Building a Creative Company Culture

Mark Angelo, CEO, Yorkville Advisors

Building a creative company culture will take thought and effort. Often, jobs by their nature, become mundane and creativity doesn’t usually expand in ongoing routine situations. Though, interesting, for short bursts of time, doing non-thinking tasks can open up the mind for further creative thoughts. Like everything else in life, it’s about finding the right balance.

As the leader though, you can impact the level of creativity happening in your team by cultivating the environment and culture in that vein. Here are some ideas that work for teams and individuals to encourage creative thinking.

Encourage employees to “decorate” their workspace with things that inspire them. Those with artistic tendencies should have sketch pads or writing notebooks to help. If you have music playing in the background, look into the need for certain types of music working well for different times of day. Mornings might work best with softer four-count music (waltz’s are four-count) music, where 3pm might be best with upbeat music to pull people out of the mid-day slow-down.

Build time into the day for people to talk, brainstorm, ask questions of each other, even if the conversation isn’t work-related, social interaction that encourages thinking beyond the norm should spark some creativity. So you might have question jars located strategically around the office – water cooler, kitchen space, even the restrooms. Or post a daily question for people to discuss when they are in conversation. If you choose the questions, make them upbeat, fun, and unusual.

Sponsor a quarterly event during lunchtime. Provide lunch, but beyond that, make the event about activity and connectivity between employees. You might have a football toss, etc. about the time of the Super Bowl, or set up for a picnic in the summer, with blankets on the floor, make your own ice cream, play some form of tag or other usual outdoor activity.

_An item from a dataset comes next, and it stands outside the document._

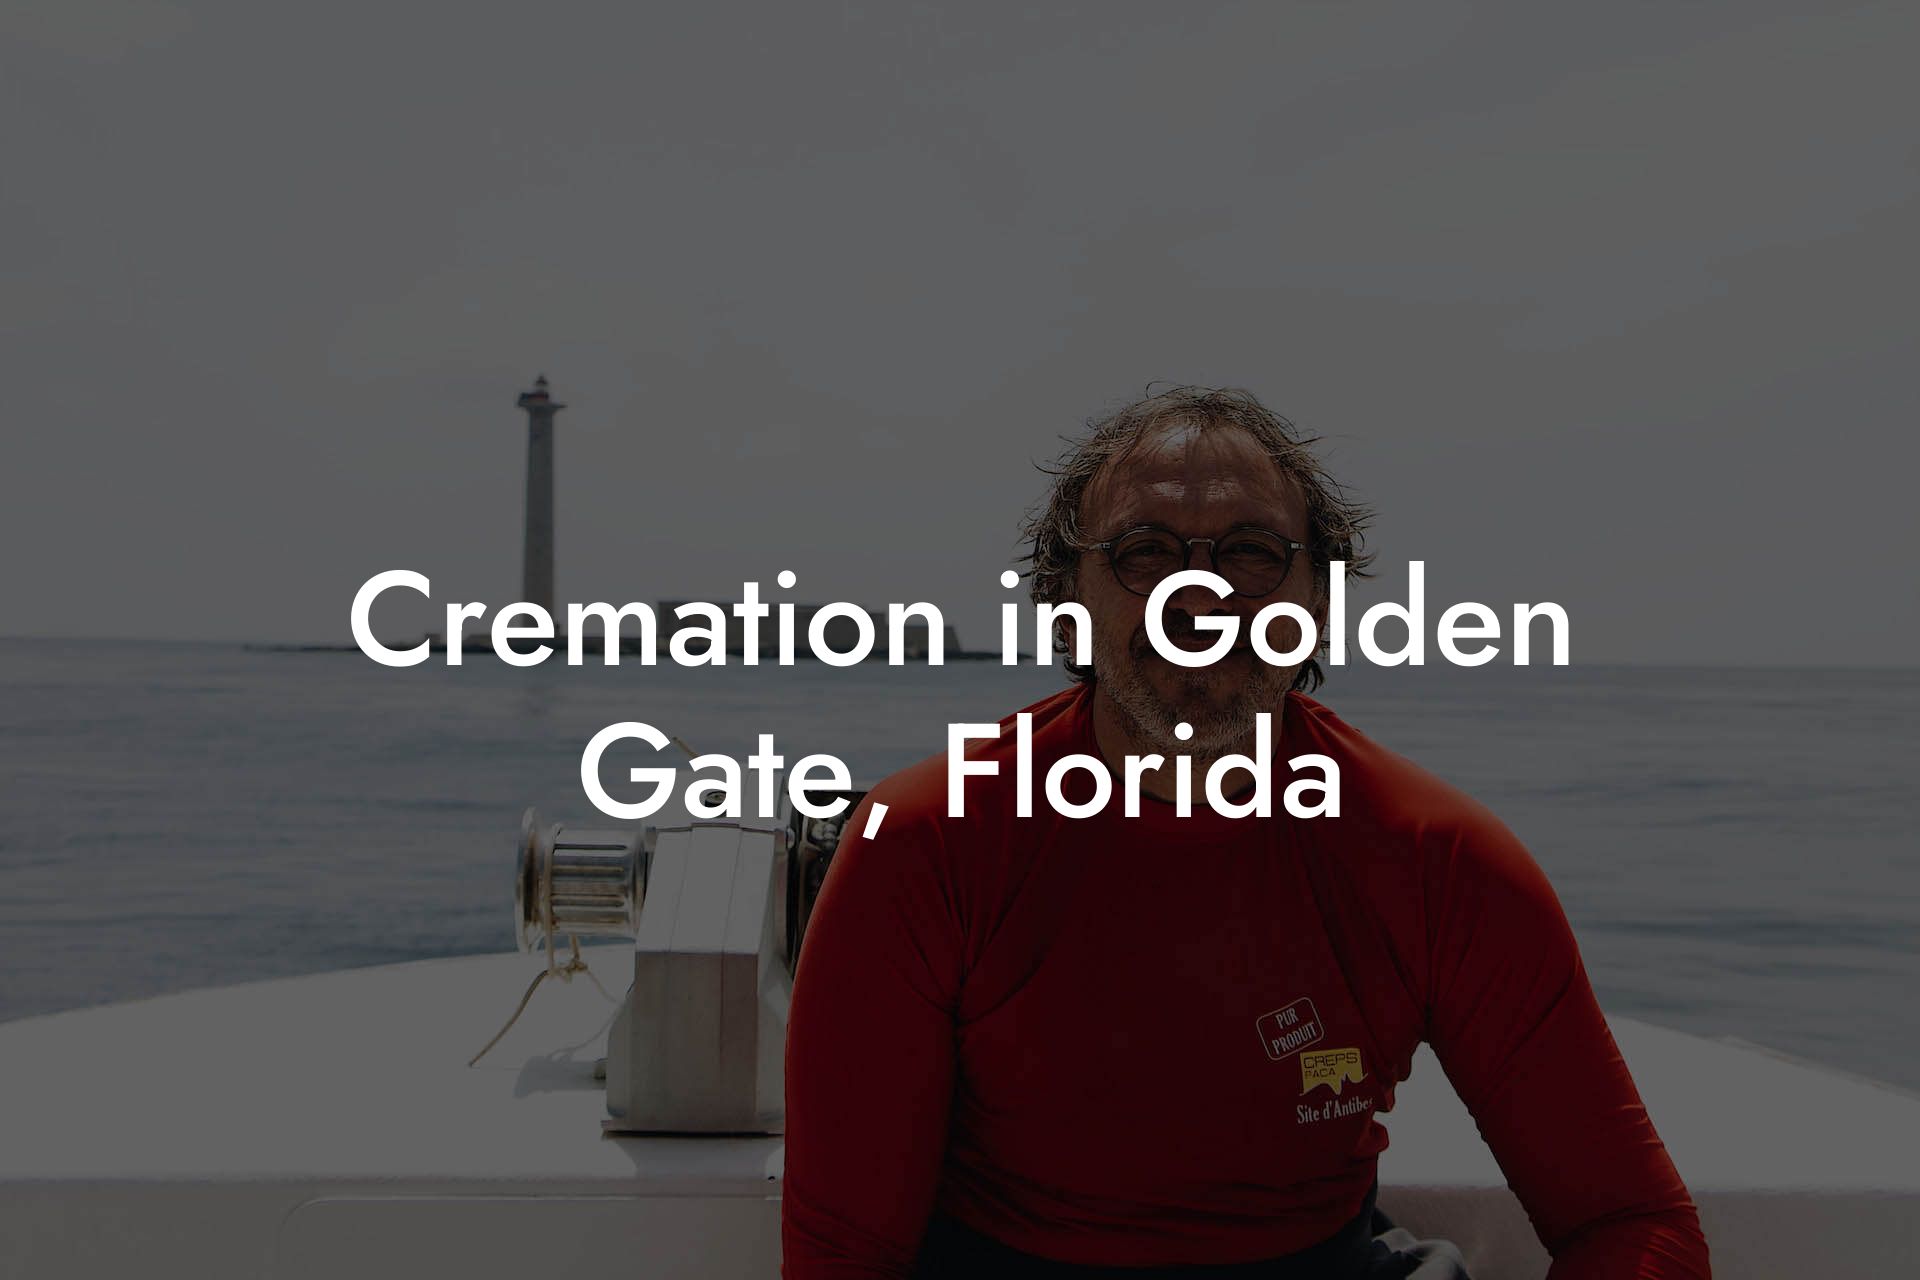 Cremation in Golden Gate, Florida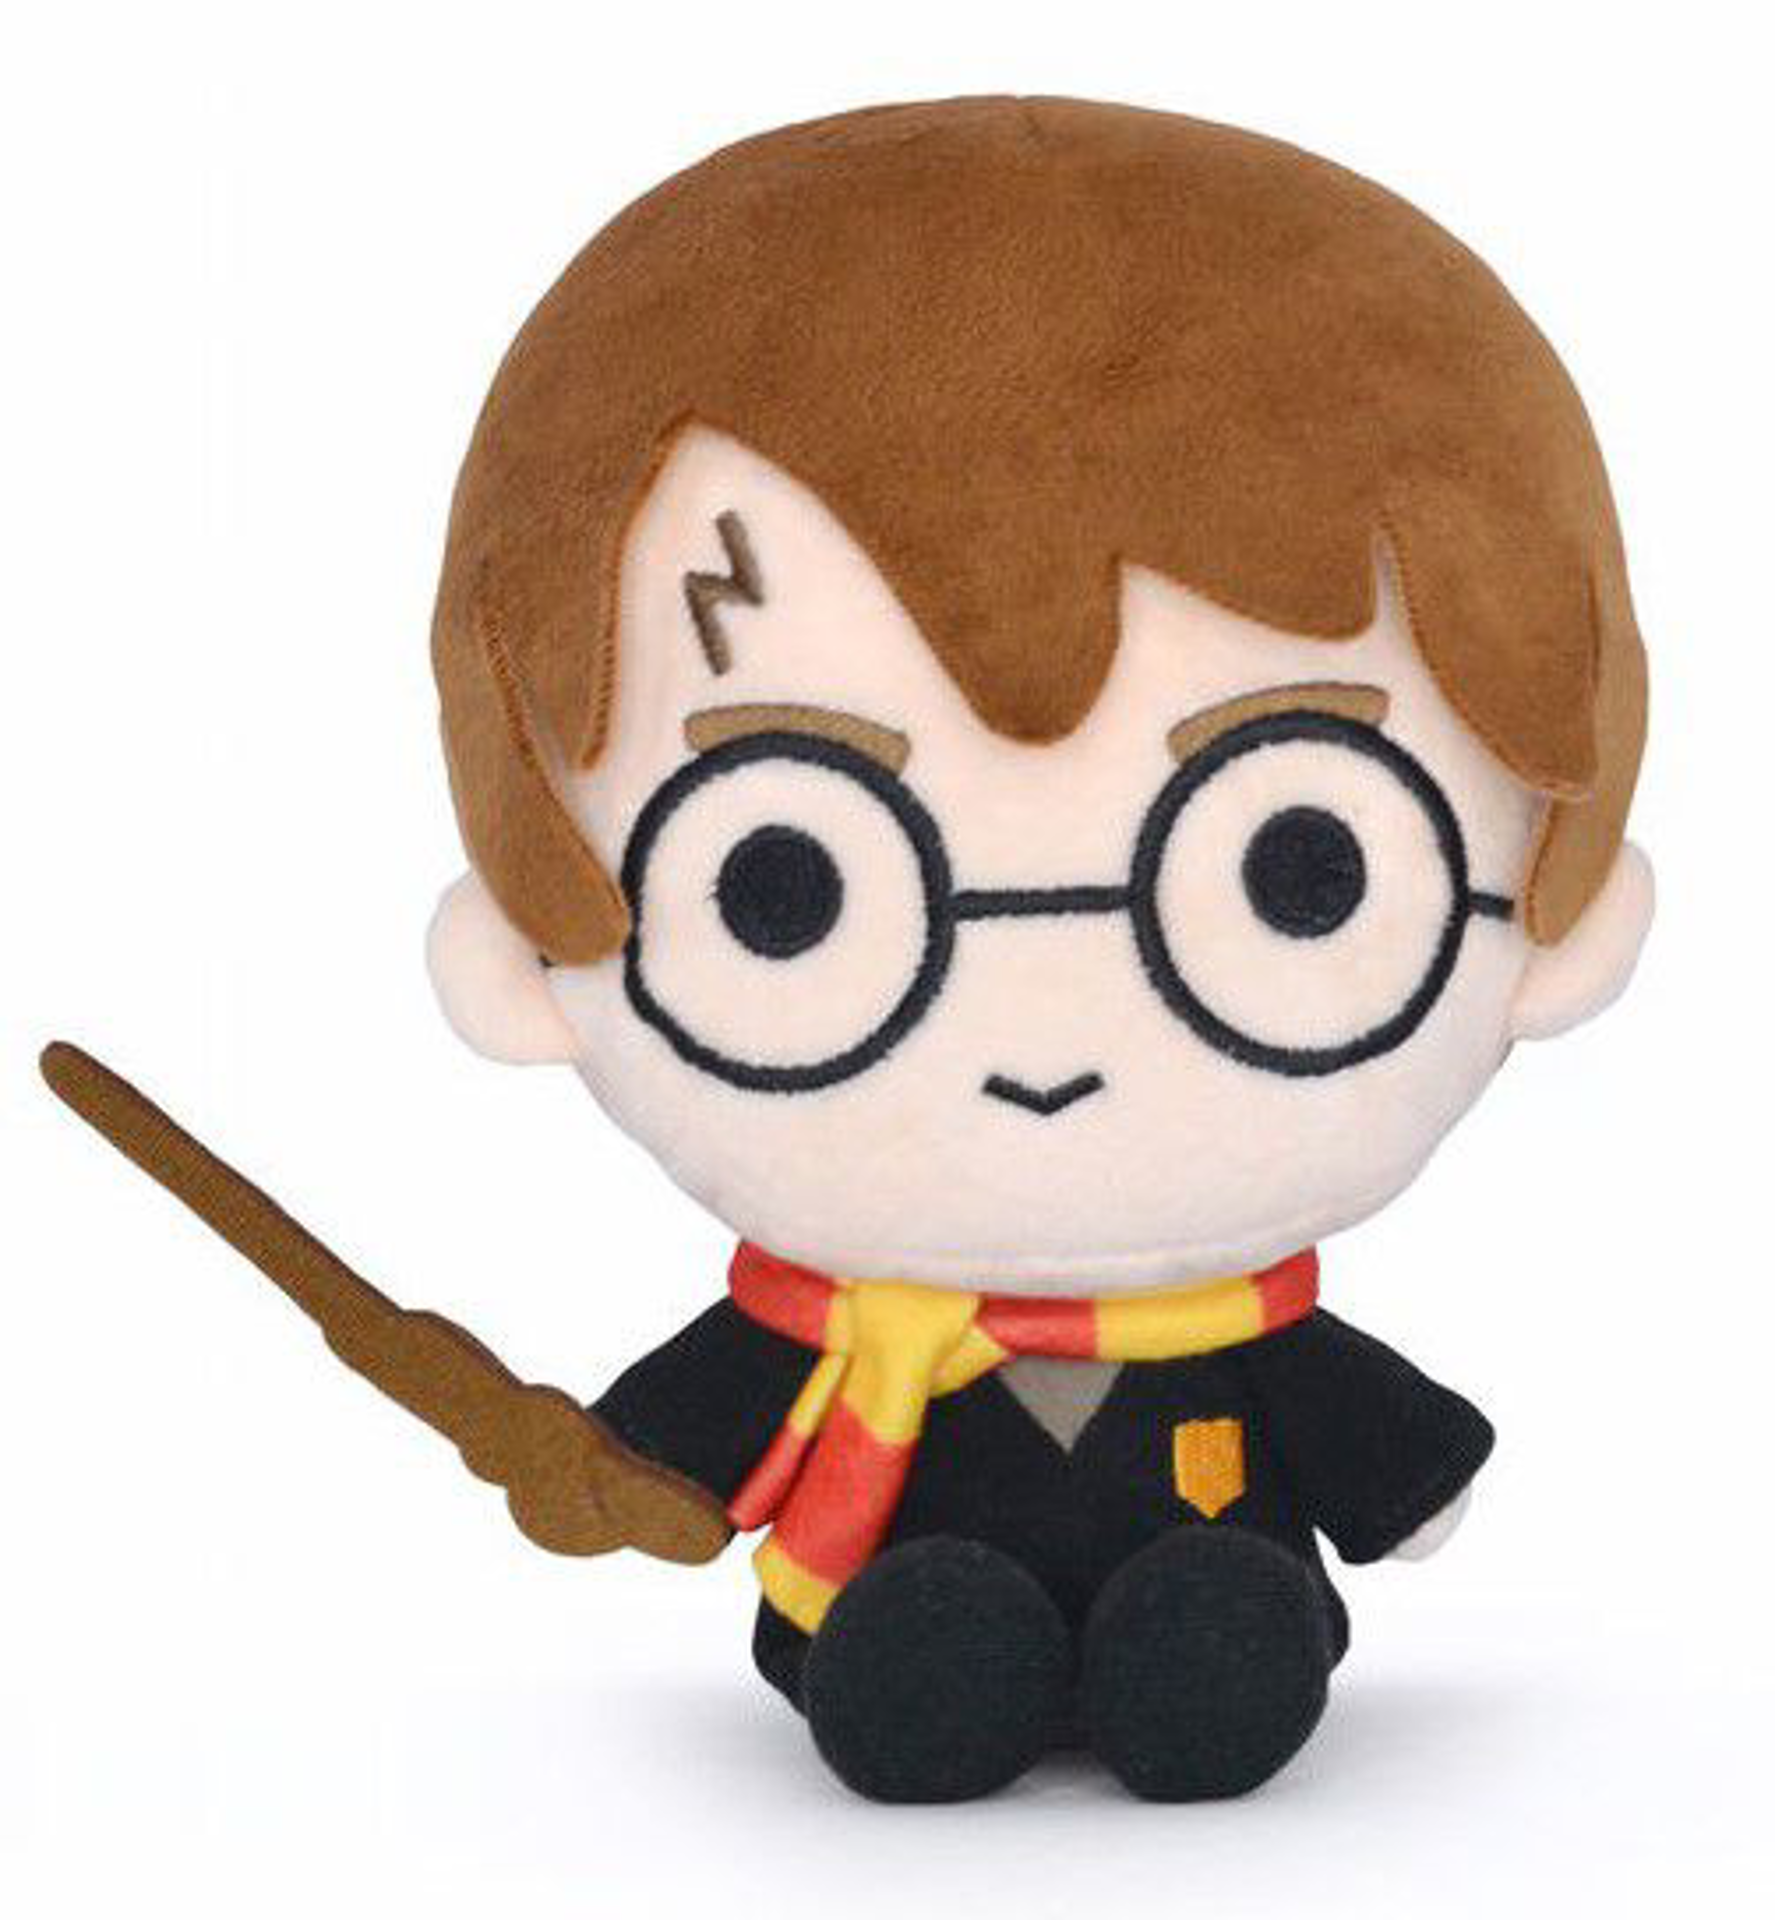 Harry Potter - Peluche Harry Chibi 20 cm (Harry Potter, Ron Weasley, Hermione Granger, Hedwige - livraison aléatoire)

You could also do an office version of Chopped – or try doing it with supplies other than food.

Set up a couple of walking groups for break times. Have them focus on seeing something beautiful rather than speeding through the walk. A shorter, slower walk can help people’s thoughts get free of the everyday and begin to look beyond that.

Another thing to try, when there is a mistake that happens in work, have people write it down. Once a month or so, have a mistake discussion … not to fix things necessarily, but to turn it into something fun. You might discuss all the things that could have happened in addition to make it really horrible, or replace a word in the brief description to make it sound positive, or even ask for the craziest suggestions people can think of to address the problem. This can open up creativity in several ways, but one of them is making sure that people know that making mistakes is not the end of the world.

One final suggestion is to have a set routine when things begin to get stressful in the workplace. Allow anyone there to loudly proclaim, “Three deep breaths on the count of ten, starting now, two, three, … ten.” Doing that through three deep breaths can refocus the setting and release some of that stress that’s getting in everyone’s way.